Róbert Belanec
Research areas: Machine learning with limited (labelled) data
Position: PhD Student
Róbert Belanec is a PhD student focusing on solving tasks such as disinformation spreading, automated fact-checking or auditing, and analyzing the capabilities of popular big language models with the utilization of methods of machine learning with limited data together with methods of natural language processing. He is part of the Web & User Data Processing team.
He holds a master’s degree from Faculty of Mathematics, Physics and Informatics, Comenius University Bratislava, where he graduated with honors. Both of his bachelor’s (Realistic image synthesis, based on a description in natural language) and master’s (Controlling the output of a generative model by finding latent feature representations) theses were related to generative models (mostly GANs for image generation) and the methods of controlling their output without further training.
During his studies he also gained three years of knowledge and experience from DevOPS and operating systems in Slovak web hosting company (Websupport).
Nowadays, there are many problems that we can solve by using machine learning methods and algorithms. However, even the most potent methods are often limited to the available data. If available, supervised learning methods often require the data to be labeled, which is not that common in real situations, and label acquisition is often financially expensive. Therefore, a necessity arises for other machine learning methods like transfer-learning, meta-learning, or zero/one-shot learning to be developed.
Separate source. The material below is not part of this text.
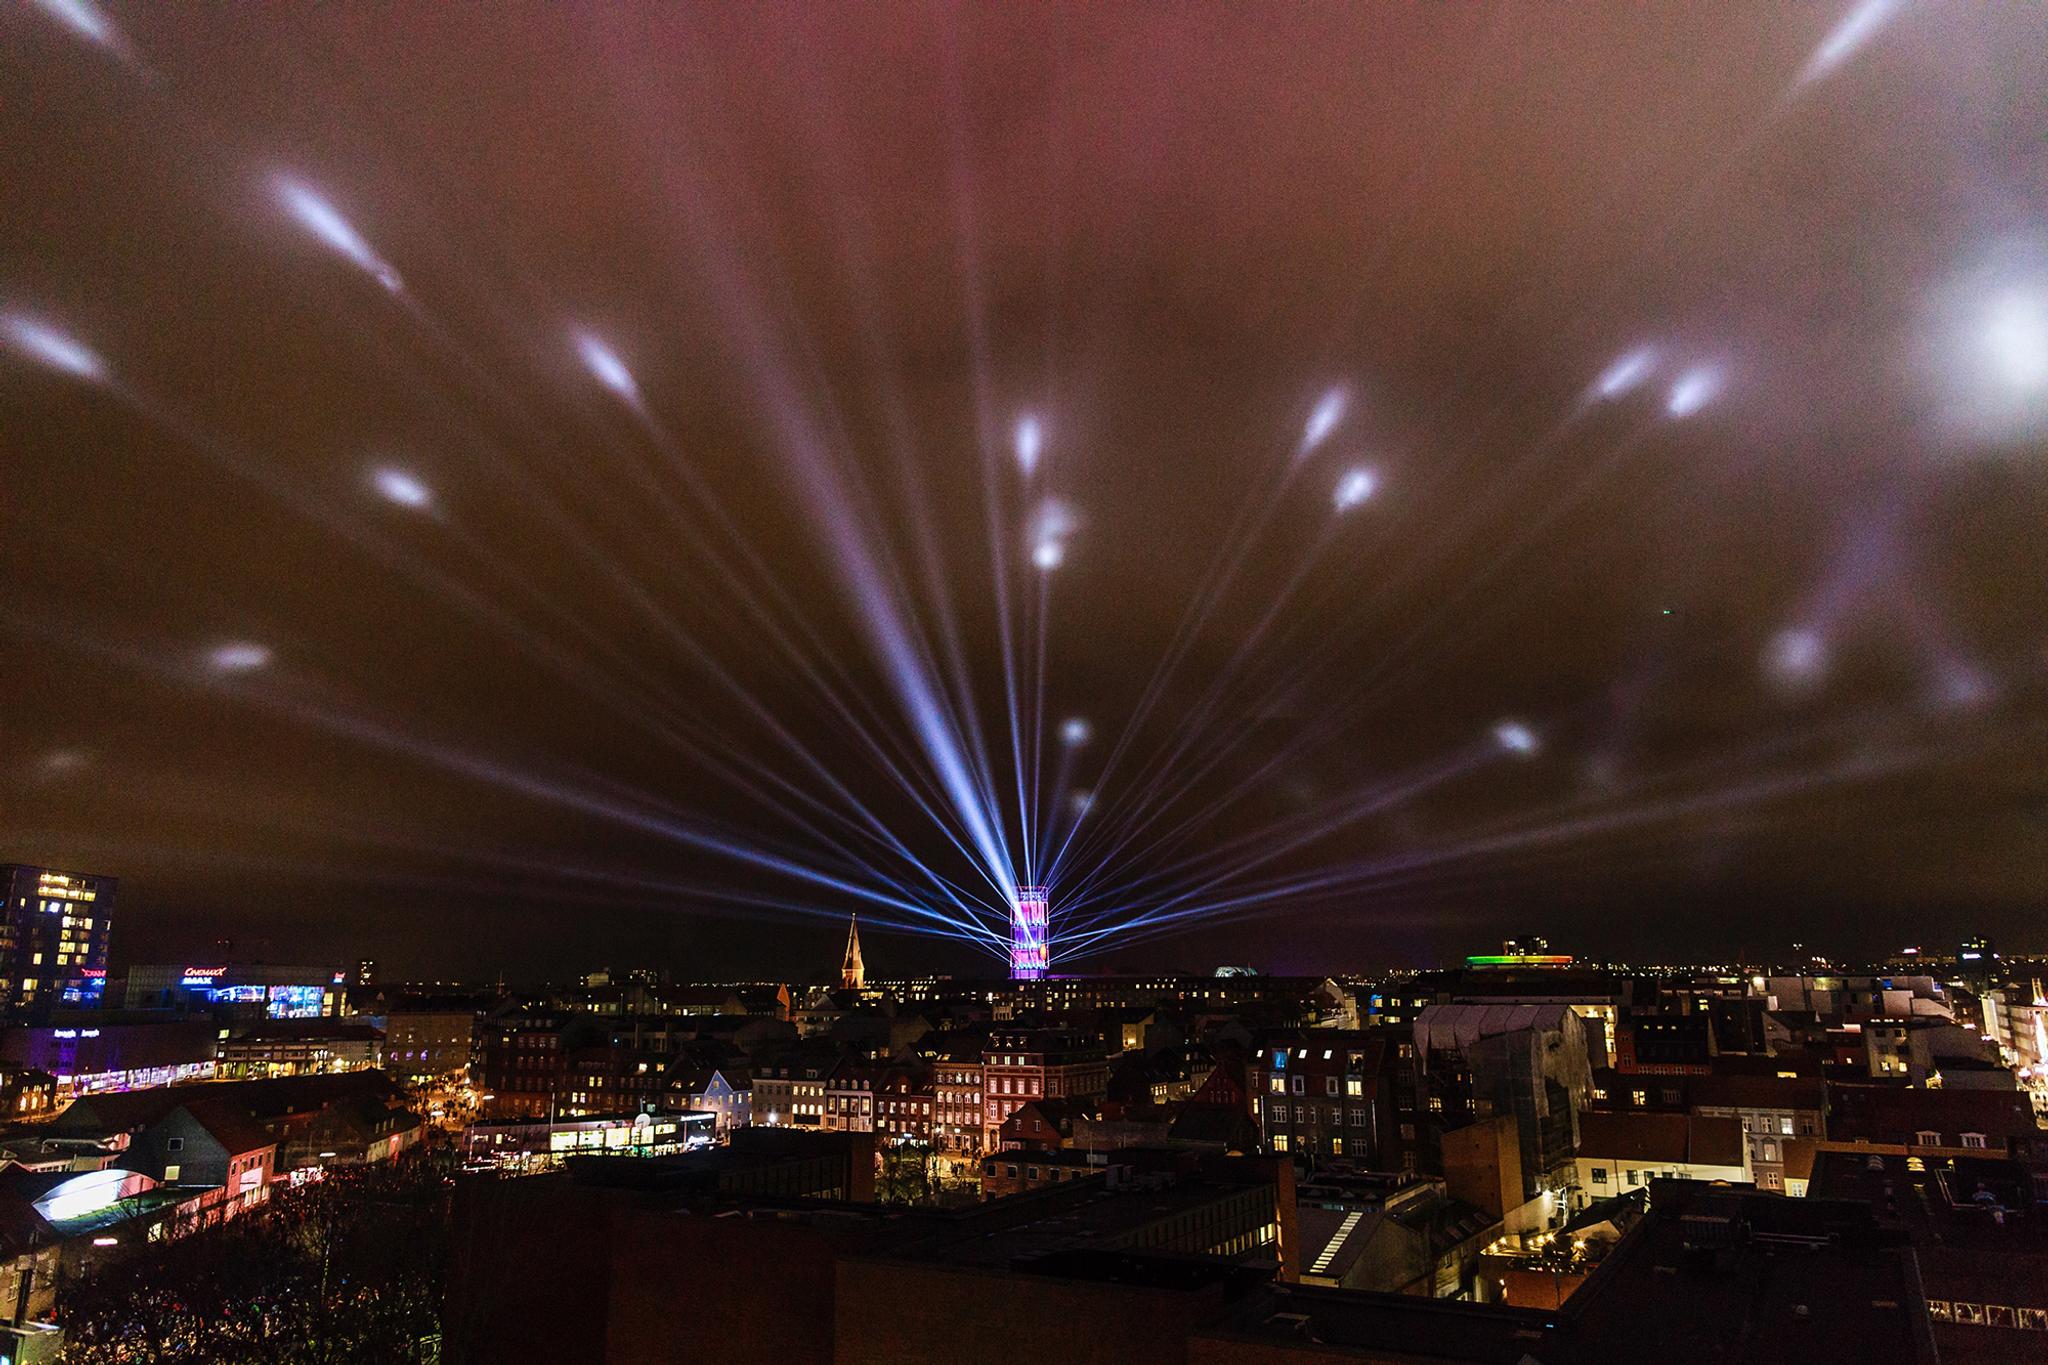 A broad view of Aarhus from above at night. in the center, a tower of light emits long reaching beams into the night sky, stretching all across the city.

Machine learning methods with limited data are especially important in domains that constantly lack labeled data (e.g., due to never-ending significant concept and data drifts), such as disinformation detection, hate speech detection, or fact-checking. These domains are recently attracting considerable attention from researchers in computer science and particularly in machine learning and natural language processing. With the increasing social media trend, people are often exposed to a vast amount of information within a short period of time. This information is usually not factual or proven, and it’s upon the recipient to construct an opinion. Sometimes the information may be harmful, like hate speech, or it may be disinformation. To prevent the spread of this kind of information, we can train a language model that can detect disinformation or harmful information (i.e., disinformation may often be written deontic flavor).
Róbert’s orientation in this topic will point towards the utilization of methods of machine learning with limited data together with methods of natural language processing to solve tasks such as disinformation spreading, automated fact-checking or auditing, and analyzing the capabilities of popular big language models for this purpose.
News
- [June 2024] Preprint of my paper entitled “Task Prompt Vectors: Effective Initialization through Multi-Task Soft-Prompt Transfer” is now available online
- [March 2024] I finalized a technical report from my replication study: “ATTEMPT – Parameter-Efficient Multi-task Tuning via Attentional Mixtures of Soft Prompts: A Replication Study“